The Roger was a bit ahead of it's time. 

I remember people needlessly said it was non UCI legal back in the day, but it that wasn't really important for us non UCI racing riders anyways.

Cross + Disc is sweet. I currently ride a Specialized Crux disc and highly recommend a cross disc bike as a do all. Especially fun on fire road descents.

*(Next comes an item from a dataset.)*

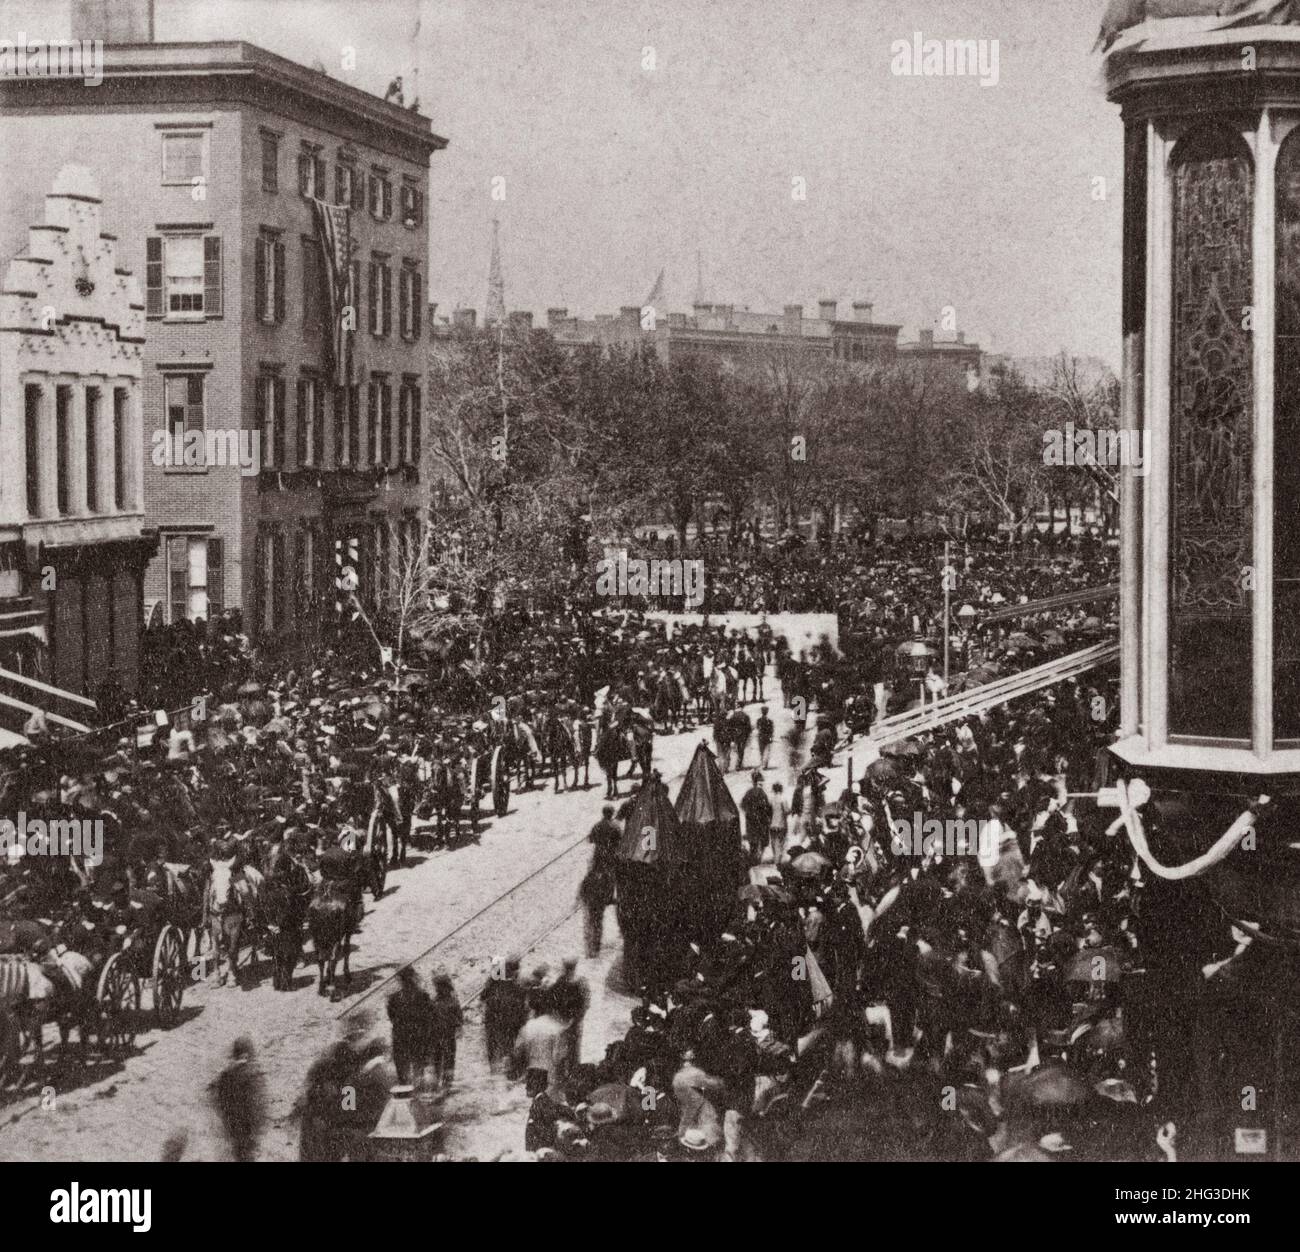 Foto vintage de Union Square, funeral de Lincoln. EE.UU. 1865 La foto muestra la vista de los carruajes tirados por caballos en la procesión funeraria de Lincoln en Broadway Foto de stock

I wish I bought that demo Roger I had for two weeks back in 2008-ish or so. I think these Rogers were only made for two model years.


----------



## Mountain Cycle Shawn (Apr 16, 2013)

They should bring Roger back!


----------



## rti27 (Dec 7, 2012)

2009 San Jose Pro is pretty cool!


----------



## Mountain Cycle Shawn (Apr 16, 2013)

No disc brakes!


----------



## rti27 (Dec 7, 2012)

this guy doesn't like disc brakes.


----------



## Mountain Cycle Shawn (Apr 16, 2013)

rti27 said:


> this guy doesn't like disc brakes.


Because he has never tried them. Like it or not, they are coming.


----------



## rob1035 (May 25, 2007)

The 09 San Jose frame and fork were definitely disc compatible...


----------



## Mountain Cycle Shawn (Apr 16, 2013)

rob1035 said:


> The 09 San Jose frame and fork were definitely disc compatible...


Please explain? Because, I don't see it.


----------



## rob1035 (May 25, 2007)

my 2009 San Jose has disc tabs on the frame and the steel OEM fork, if I recall correctly the years before and after did not for some reason...

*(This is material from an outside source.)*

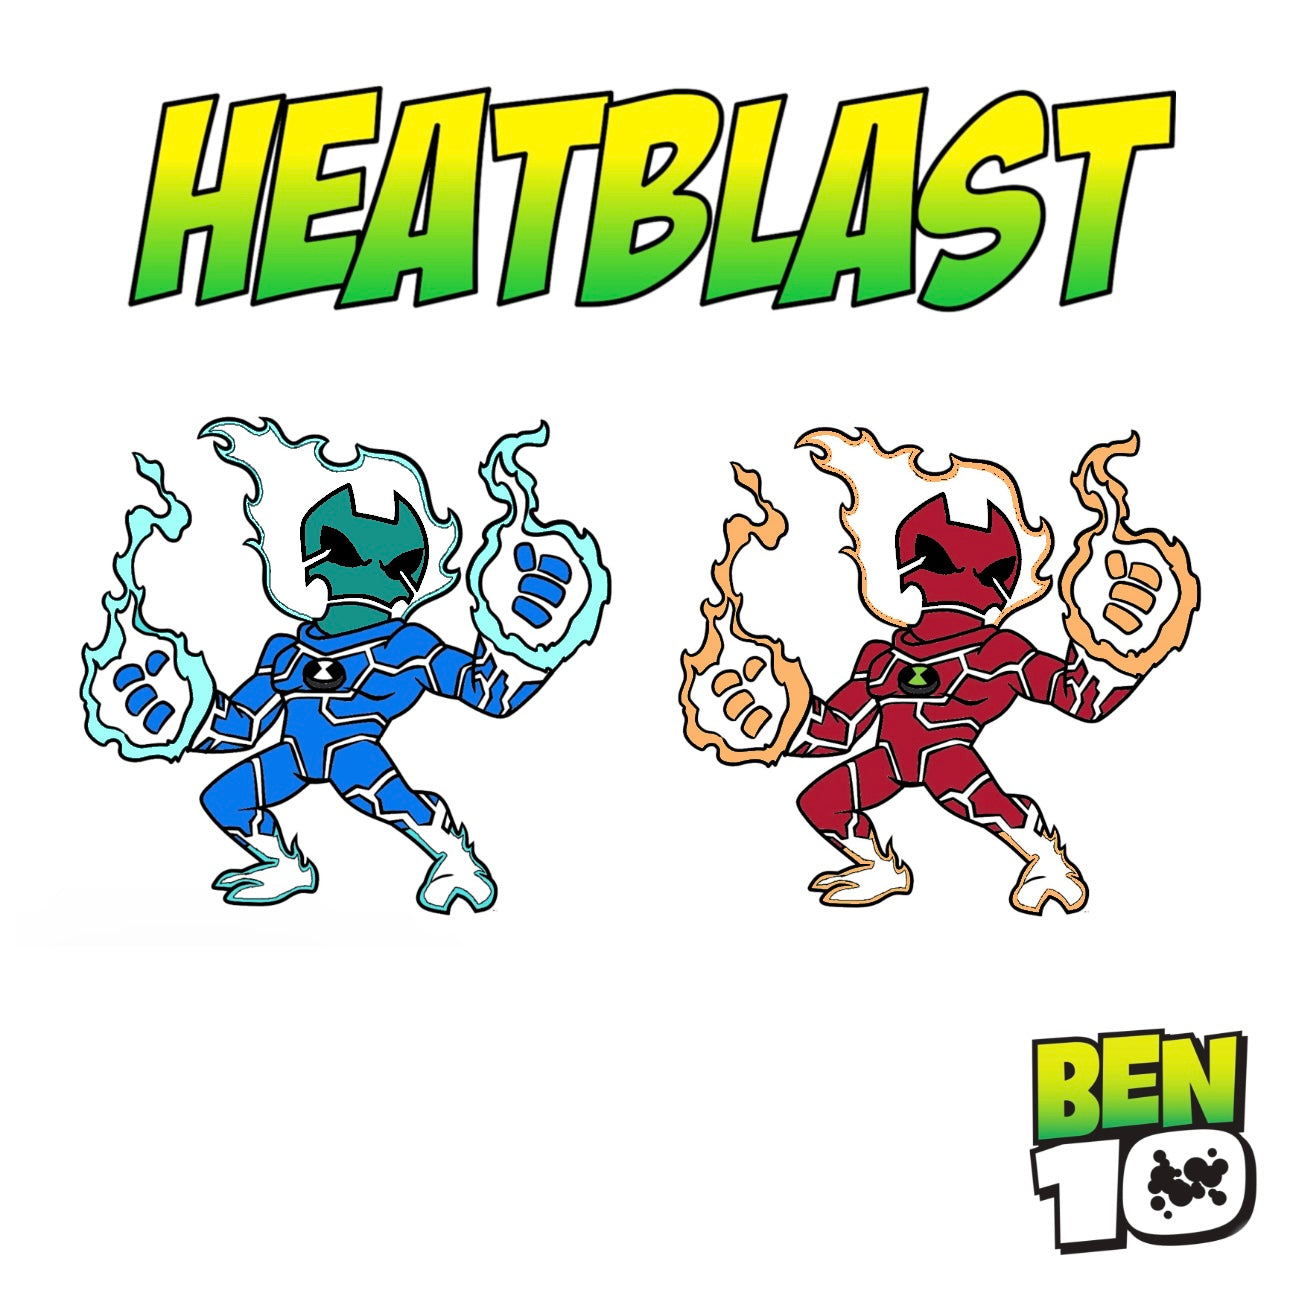 "Heatblast bundle (gitd)

[please ignore the pink wheels ]


----------



## Mountain Cycle Shawn (Apr 16, 2013)

Anyone happen to know what the sizing is like on these? I'm an average 5'9". I found a 52 for sale. But, don't know if that is to small. The next size up is 55 and that's what I've been looking for, but can't find one. But, I think the 55 starts at 5'10".


----------



## Mountain Cycle Shawn (Apr 16, 2013)

Leslie630 said:


> Any chance someone knows what size bottom bracket (axle legnth) the Roger takes?


I want to say 108mm for some reason.

Do you own one?


----------



## Mountain Cycle Shawn (Apr 16, 2013)

rob1035 said:


> my 2009 San Jose has disc tabs on the frame and the steel OEM fork, if I recall correctly the years before and after did not for some reason...
> 
> 
> [please ignore the pink wheels ]


Oh, I see. The ones I saw didnt have that. I'll have to look some more. Pink wheels and rain bows. Who am I to judge?


----------



## tihsepa (Nov 27, 2008)

Mountain Cycle Shawn said:


> Oh, I see. The ones I saw didnt have that. I'll have to look some more. Pink wheels and rain bows. Who am I to judge?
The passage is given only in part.